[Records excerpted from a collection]
----------------------------------------
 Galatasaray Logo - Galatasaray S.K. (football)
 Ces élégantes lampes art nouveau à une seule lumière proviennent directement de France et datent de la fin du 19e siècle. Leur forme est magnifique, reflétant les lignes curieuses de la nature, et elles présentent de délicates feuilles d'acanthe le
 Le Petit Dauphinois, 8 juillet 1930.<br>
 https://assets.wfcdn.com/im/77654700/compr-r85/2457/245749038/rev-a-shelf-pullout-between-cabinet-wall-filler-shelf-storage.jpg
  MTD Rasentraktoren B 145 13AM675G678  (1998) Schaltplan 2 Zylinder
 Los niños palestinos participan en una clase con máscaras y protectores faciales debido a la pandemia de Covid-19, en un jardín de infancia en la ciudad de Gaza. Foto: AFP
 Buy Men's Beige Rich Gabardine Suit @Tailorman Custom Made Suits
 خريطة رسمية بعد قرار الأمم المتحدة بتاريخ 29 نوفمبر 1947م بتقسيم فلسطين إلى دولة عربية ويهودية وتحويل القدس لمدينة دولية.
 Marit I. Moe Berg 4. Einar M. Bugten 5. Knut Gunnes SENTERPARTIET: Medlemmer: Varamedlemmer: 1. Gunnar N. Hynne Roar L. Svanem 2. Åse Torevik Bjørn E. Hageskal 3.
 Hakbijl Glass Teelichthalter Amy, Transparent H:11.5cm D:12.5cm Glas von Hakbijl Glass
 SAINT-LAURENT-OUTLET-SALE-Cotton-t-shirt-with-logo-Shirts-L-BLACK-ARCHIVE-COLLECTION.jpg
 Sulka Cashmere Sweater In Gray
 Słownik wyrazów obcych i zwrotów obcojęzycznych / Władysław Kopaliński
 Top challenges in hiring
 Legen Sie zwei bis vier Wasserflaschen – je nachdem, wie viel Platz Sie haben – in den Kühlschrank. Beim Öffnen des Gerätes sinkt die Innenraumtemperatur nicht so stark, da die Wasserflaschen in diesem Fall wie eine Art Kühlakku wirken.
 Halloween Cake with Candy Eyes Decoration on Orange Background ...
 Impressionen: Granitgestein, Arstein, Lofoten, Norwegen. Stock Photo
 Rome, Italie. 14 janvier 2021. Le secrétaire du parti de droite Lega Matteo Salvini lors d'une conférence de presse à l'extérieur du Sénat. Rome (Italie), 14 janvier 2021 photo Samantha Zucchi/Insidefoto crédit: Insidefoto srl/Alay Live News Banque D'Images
----------------------------------------
Exercise goal: Look through the data above and return exactly the lines from the one that contains "Ces élégantes lampes" to the one that contains "Buy Men's Beige", inclusive, with nothing else.

Solution to the exercise:
 Ces élégantes lampes art nouveau à une seule lumière proviennent directement de France et datent de la fin du 19e siècle. Leur forme est magnifique, reflétant les lignes curieuses de la nature, et elles présentent de délicates feuilles d'acanthe le
 Le Petit Dauphinois, 8 juillet 1930.<br>
 https://assets.wfcdn.com/im/77654700/compr-r85/2457/245749038/rev-a-shelf-pullout-between-cabinet-wall-filler-shelf-storage.jpg
  MTD Rasentraktoren B 145 13AM675G678  (1998) Schaltplan 2 Zylinder
 Los niños palestinos participan en una clase con máscaras y protectores faciales debido a la pandemia de Covid-19, en un jardín de infancia en la ciudad de Gaza. Foto: AFP
 Buy Men's Beige Rich Gabardine Suit @Tailorman Custom Made Suits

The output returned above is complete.